Design is playing a more integral role in Los Angeles, from the obvious shaping of public places and buildings to the more subtle styling of fashions and furnishings.
As Los Angeles grows and presses in upon us, we become more and more conscious of what academics call the man-made environment, the places where we live, work, shop or play.
This has spurred a heightened public interest and involvement in design issues, as evidenced by the proliferation of local planning and design review boards, the popularity of architecture exhibits and house and garden tours, and the blossoming of shelter and fashion magazines.
Also stimulated on another, more substantive level has been the urge to better shape and style the man-made environment to be more comfortable, useful and reflective of our tastes, position and wealth, be it building a house, planting a garden, decorating a room, selecting a new chair, choosing a spring outfit or simply setting the table.
As we wade through this increasingly man-made environment, it is important to understand the difference between design and style.
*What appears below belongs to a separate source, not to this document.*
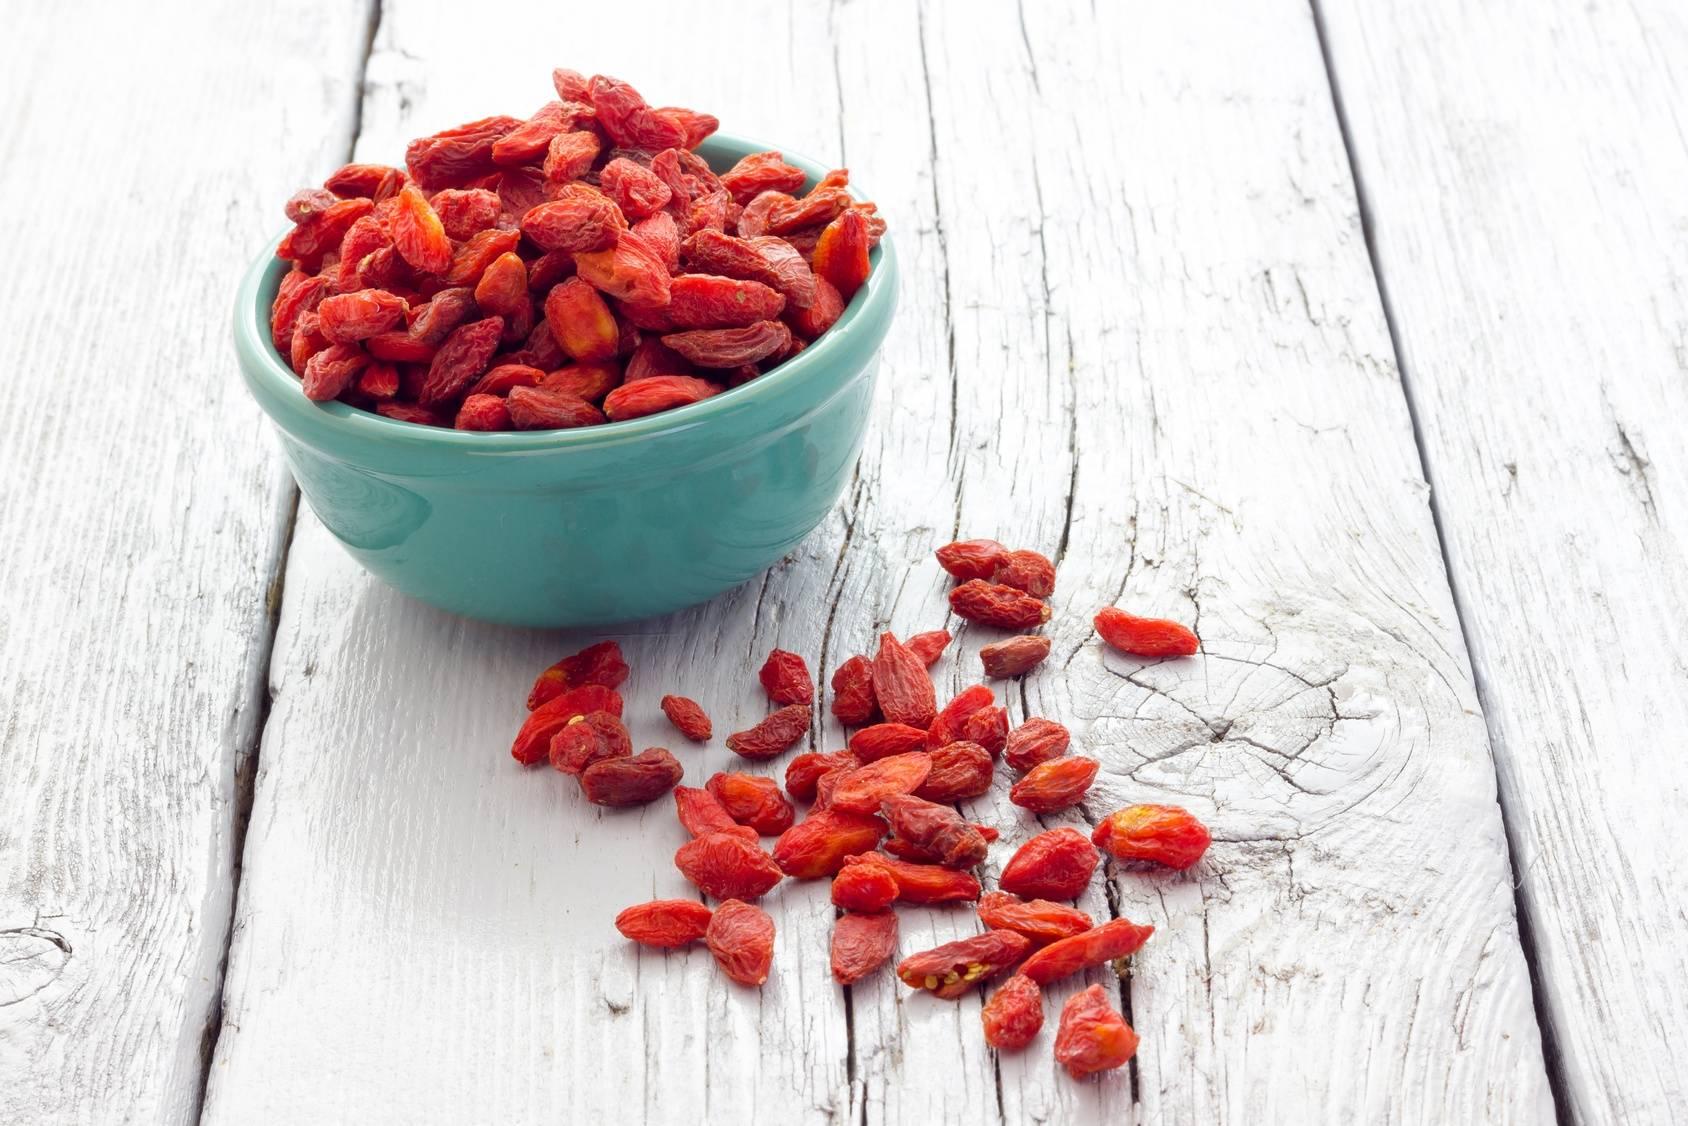 Jagody goji - dlaczego nie powinno się ich jeść zbyt dużo?

Simply defined, design is concerned with how things work, and style how they look.
How these concepts are applied to, say, a building, a table or a tea set, is grist for the design profession's varied mills.
"And there is certainly a lot of grist," commented Patrick Ela, director of the Los Angeles Craft and Folk Art Museum and a longtime observer of the emerging design field.
"How it is milled, whether it integrates design and style into a tasty, nutritious concoction or into an attractive yet insubstantial fluff is the challenge," he said.
The increasing demand for design has created a mixed bag of products, Ela said, from the ubiquitous Postmodernist-styled mini-malls to the tea kettles that look interesting but drip hot water in your lap.
As Ela and others note, there is an obvious need in the design community for a better understanding of its own processes and who it serves--particularly in Los Angeles, which--if you haven't noticed because of the glitz and glitter--has become a trend setter in an increasingly style-conscious world.
The need for this understanding is the focus in part of Westweek, the three-day design show and symposium opening Wednesday at the expanded, glistening blue and green Pacific Design Center in West Hollywood.
Expected to attend are some 35,000 people, including architects, graphic artists, interior and industrial designers and manufacturers, as well as the curious.
Westweek has grown much like the local design community.
What began modestly 14 years ago as an office furniture and furnishings show appealing mainly to Southern California is now a major event in the world design community.
It now attracts the top professionals in the field and generates considerable interest in both the new products unveiled and the ideas discussed.
"We are trying at Westweek to set up a situation that goes beyond marketing to stimulating ideas in the showrooms, in the symposiums and in the social events," the design center's president, Richard Norfolk, said.
Speakers from Japan, Italy, France and Mexico, as well as the United States, will discuss aspects of the show's theme, "Critical Choices: Intuition and Reason in the Design Process."
"The design industry has been expanding at such a rate that it needs a Westweek," Norfolk said, "so those involved can take a breath, look around at what others are doing, listen to what leaders in the field are saying, and by doing so, generally aid their creativity."
For Massoud Amini, who operates the trend-setting Massini showroom in the center, Westweek also is a time to display the latest in innovative European designs he has gathered over the last year.
"To me, Westweek is like a medieval fair, a place to show your wares, to see and be seen," says Amini, who shuttles back and forth between Los Angeles and a home in Geneva.
Very much in the spirit of such a fair are the varied exhibitions and the award programs of a collection of trade publications.
Of general interest is an architectural art exhibit inaugurating the new gallery designed by Cesar Pelli on San Vicente Boulevard to honor the late Murray Feldman, who for years guided the center.
Also on display, and of particular interest, will be the models and drawings from the hotly contested Disney Concert Hall architectural competition, in which Frank Gehry won out over Hans Hollein of Austria, Gottfried Boehm of Germany, and James Sterling and Michael Wilford of England. All second-guessers welcome.
Another exhibit features a selection of the recent winners of the first Design Excellence awards for civic architecture.
The awards program is a welcome gesture by the Los Angeles Cultural Affairs Commission to recognize and encourage innovative design in the public sector which in the past seems to have too often rewarded mediocrity.
That the city is sponsoring the exhibit at Westweek displays a certain confidence that also is welcome.
But why not at Westweek?
After all, it is a time when all those involved in the design profession, including critics, ought to be looking, listening and learning.